Table 1 Dataset Gleason annotation summary.

In addition to Gleason score annotations, clinical data including survival information was available for three of the TMAs27. Prostate cancer is known to have a favorable prognosis compared to other types of cancer, and therefore relatively few death events are present in the dataset. Restricted to TMA spots considered in this study, TMA 80 has the highest number of death events (n = 30), followed by TMA 111 (n = 7) and TMA 76 (n = 0).

Automated Gleason score annotation via deep learning

Small image regions (image “patches”) were extracted from benign tissue and the cancer annotated regions and used to train a patch-based classifier (Fig. 1b). Once trained, the patch-level classifier can be easily converted to a pixel-level annotator (details in Methods) and, therefore, can be used to assign Gleason scores to entire TMA spot images (Fig. 1b). To choose a suitable classifier, we explored different convolutional neural network architectures which have shown excellent performance on the ImageNet competition28, namely VGG-1629, Inception-V330, ResNet-5031, DenseNet-12132 and MobileNet33. As expected, given the limited size of our dataset, fine-tuning the networks pretrained on ImageNet achieved better performance on the validation set than training from scratch (Supplementary Fig. S1). Details about the patch generation procedure and model training can be found in Methods.

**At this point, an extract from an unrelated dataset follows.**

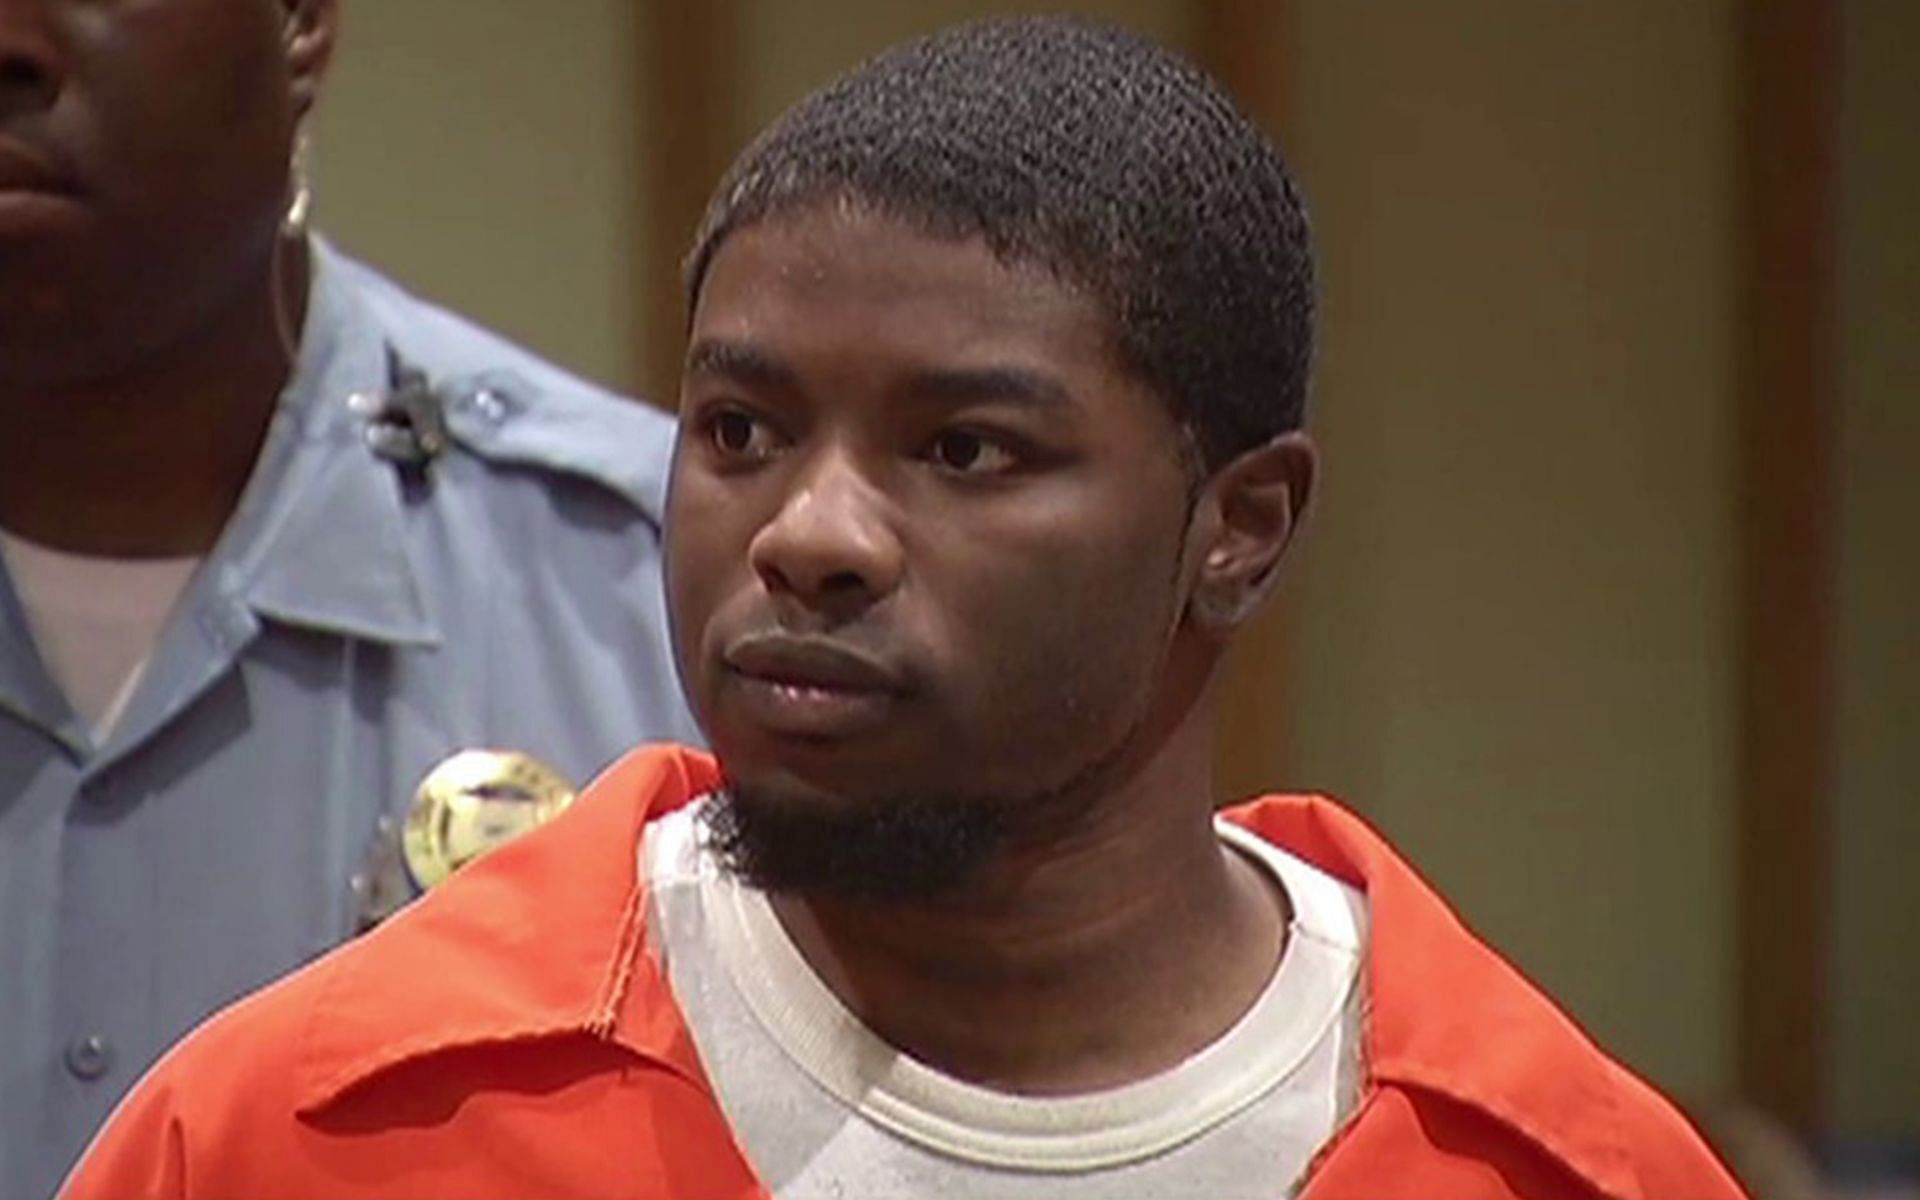 A still of Alyssiah Wiley&#039;s convicted killer boyfriend Jermaine Richards (Image via Fox)

In our benchmark, the best performing network architecture was MobileNet (using width multiplier \(\alpha =0.5\)). MobileNets are designed as small models able to be trained on mobile devices and, in this application, where dataset size is limited and feature space is restricted in comparison to natural images, it turned out that the relatively low number of parameters helped to avoid severe overfitting without causing a drop in performance. In the validation cohort, MobileNet achieved a macro-average recall of 70% for classifying patches as benign, Gleason 3, Gleason 4 or Gleason 5. Specifically for each class, the recall values were: Benign 63%, Gleason 3 72%, Gleason 4 58%, Gleason 5 88%. The full confusion matrix is shown in Supplementary Fig. S2. In this cohort, the value of Cohen’s quadratic kappa34 for patch-level classification was 0.67.

We then evaluated the model’s predictions at the patch level in the test cohort (Fig. 2). The results of comparing the model’s annotations with annotations from the first pathologist (who has also annotated the training cohort) showed that, although there is no perfect agreement, most mis-classifications were found within neighbouring Gleason patterns (Fig. 2a). For instance, 31% of patches annotated as Gleason 5 were predicted as Gleason 4, but only 5% were predicted as lower Gleason patterns. For this comparison, Cohen’s quadratic kappa was 0.55 and macro-average recall was 0.58. Comparing the model’s annotations with annotations from the second pathologist, we observe a similar agreement pattern, resulting in a kappa value of 0.49 and macro-average recall of 0.53 (Fig. 2b). Finally, we quantified the inter-pathologist agreement on the test cohort (kappa = 0.67, macro-average recall = 0.71 considering the first pathologist’s annotations as ground truth), which is at higher but still comparable levels as the agreement between model and pathologist annotations (Fig. 2c).

Figure 2
figure 2

Model evaluation on test cohort (image patch level) and inter-pathologist variability. All confusion matrices were normalized per row (ground truth label) reflecting the recall metric for each class. (a) Patch-based model annotations compared with annotations by 1st pathologist. (b) Patch-based model annotations compared with annotations by 2nd pathologist. (c) Annotations by 2nd pathologist compared with annotations by 1st pathologist. (d) Venn diagrams illustrating the overlap in patch-level Gleason annotations produced by the deep learning model and the two pathologists.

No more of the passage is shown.